→ Exercise description
Copy out the listing below exactly, please, and skip any pictures.

→ Provided material
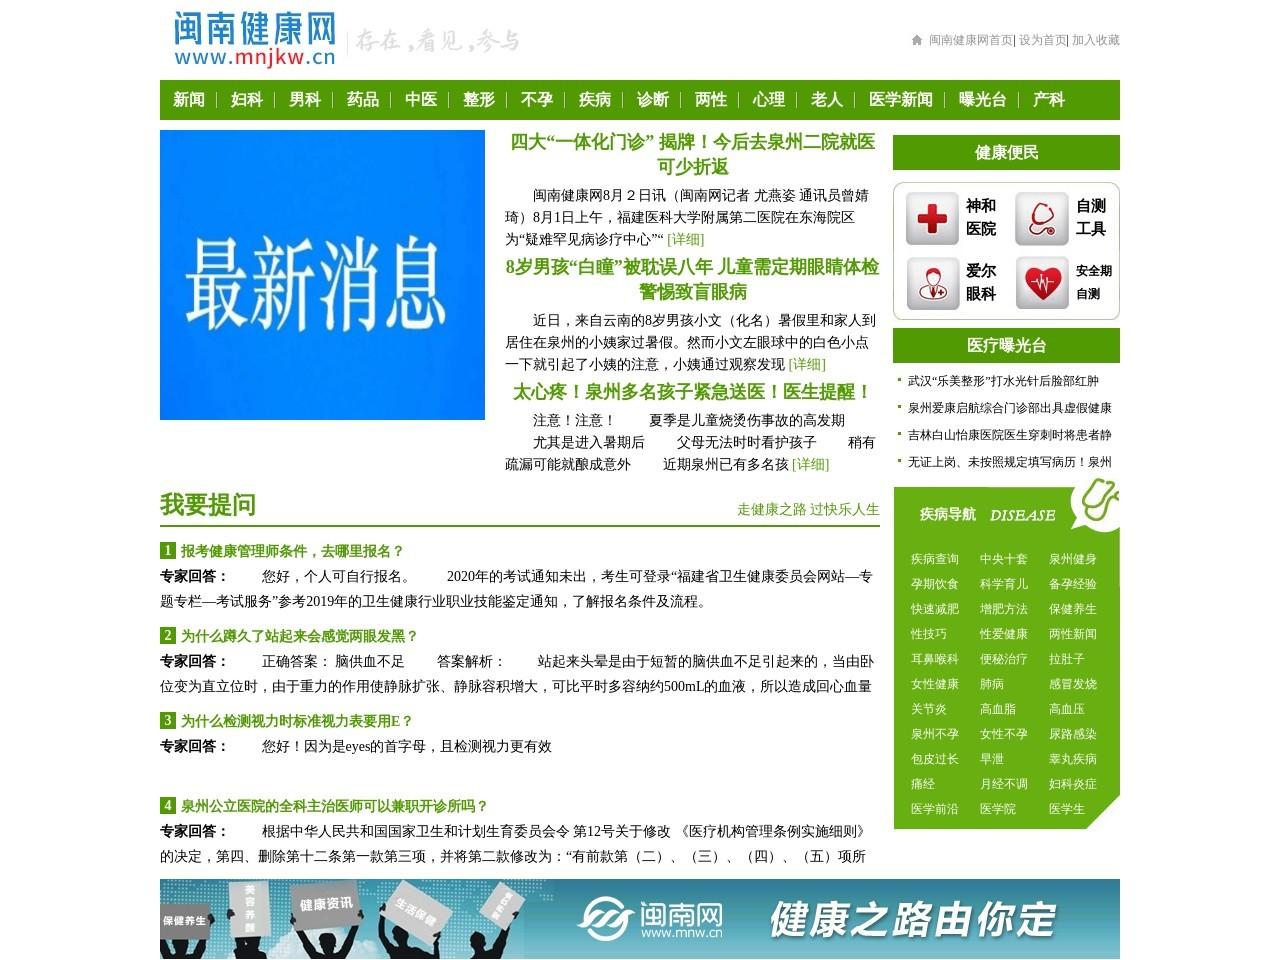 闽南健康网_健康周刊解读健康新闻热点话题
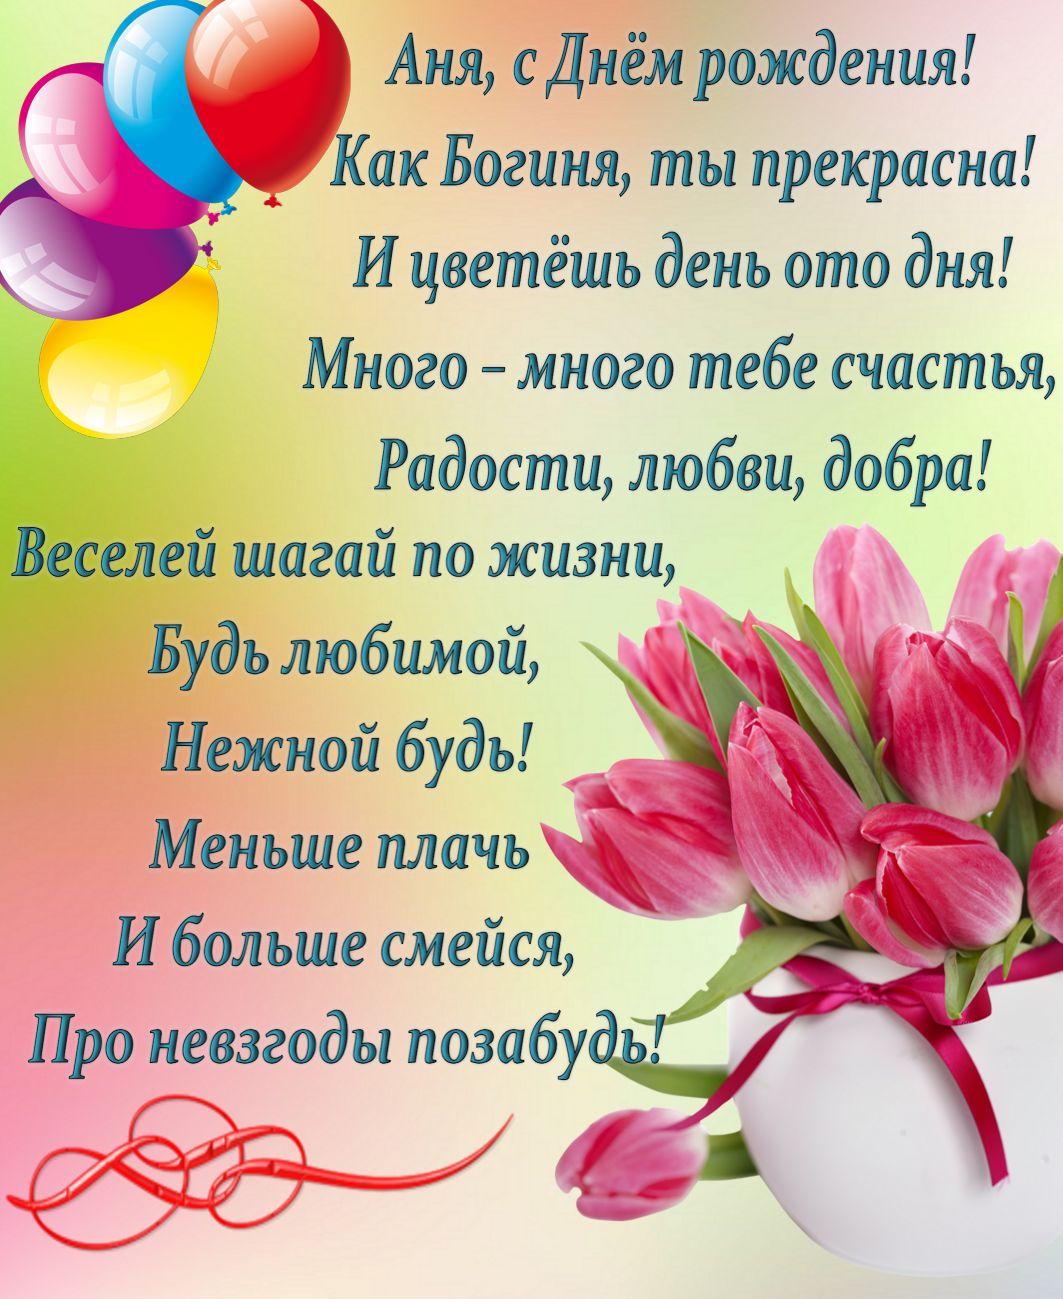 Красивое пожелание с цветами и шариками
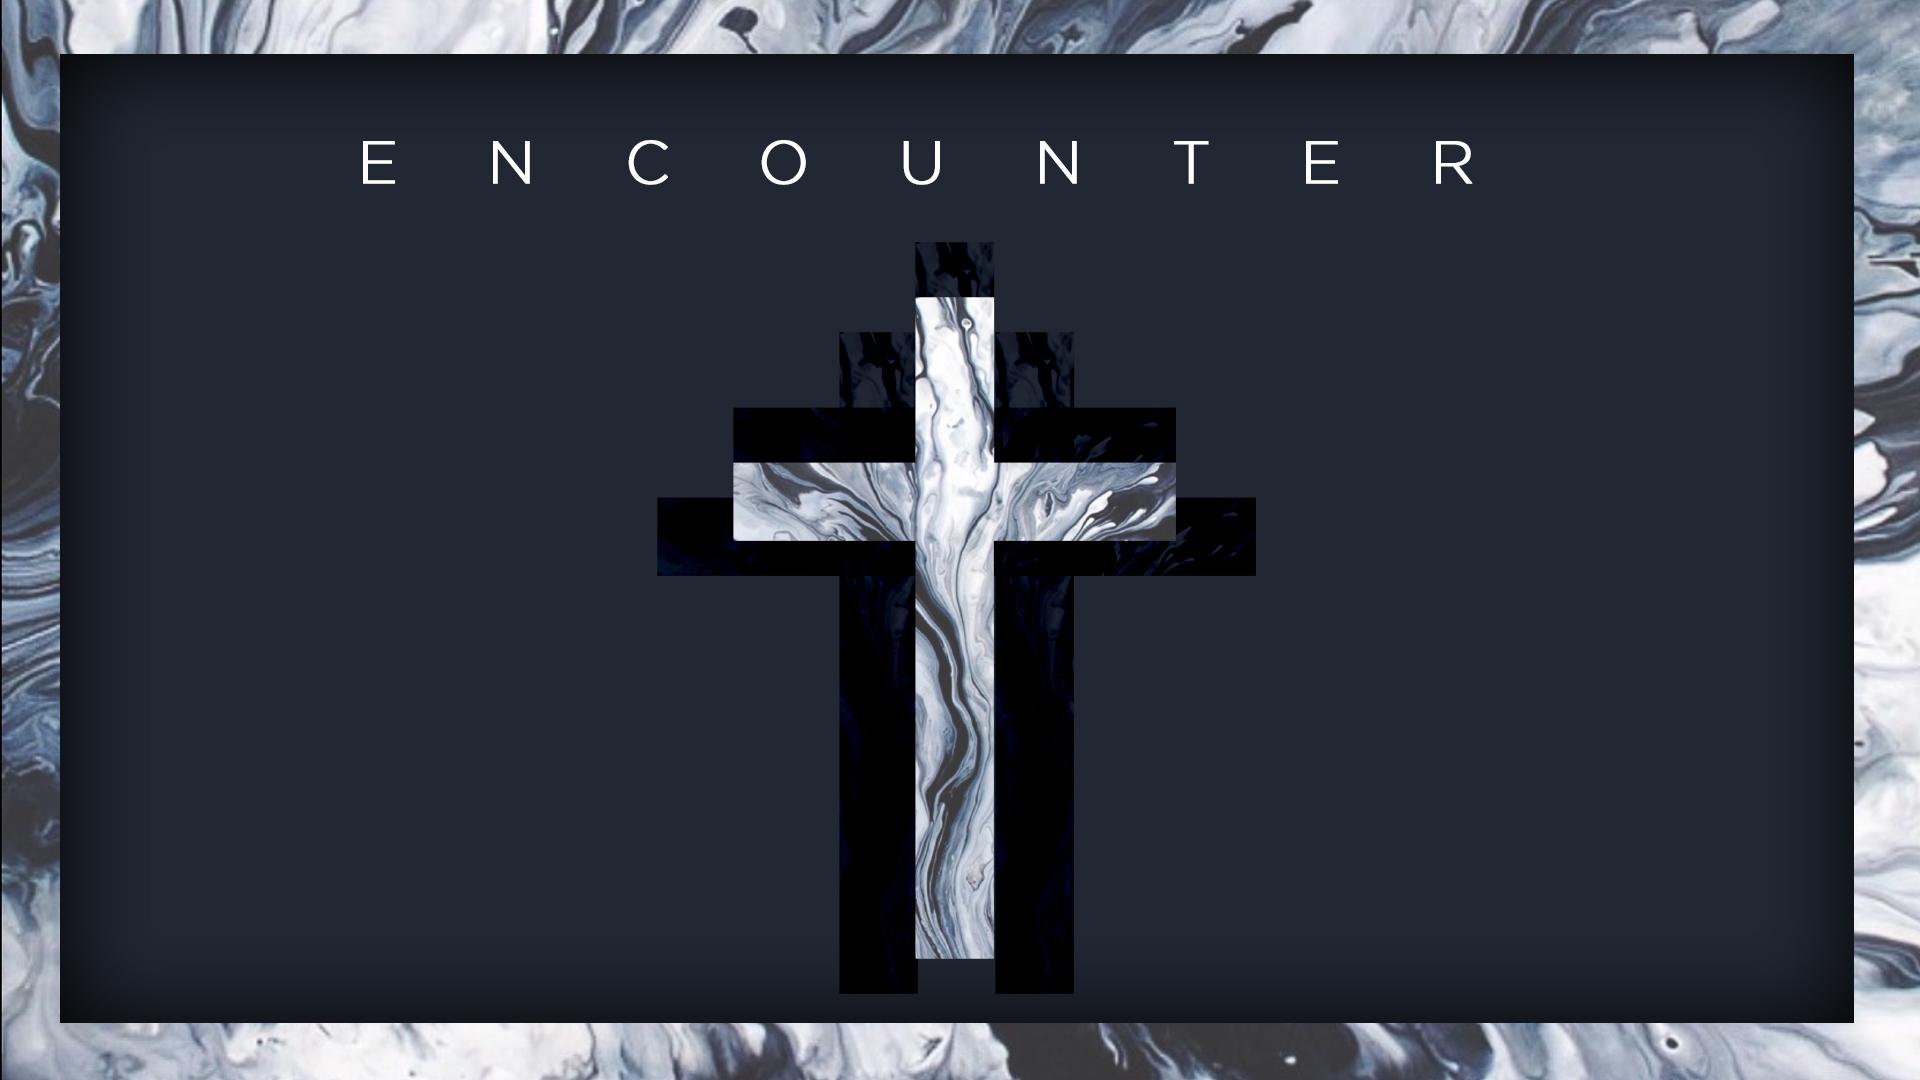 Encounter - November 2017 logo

→ Response to the exercise
 闽南健康网_健康周刊解读健康新闻热点话题
 Красивое пожелание с цветами и шариками
 Encounter - November 2017 logo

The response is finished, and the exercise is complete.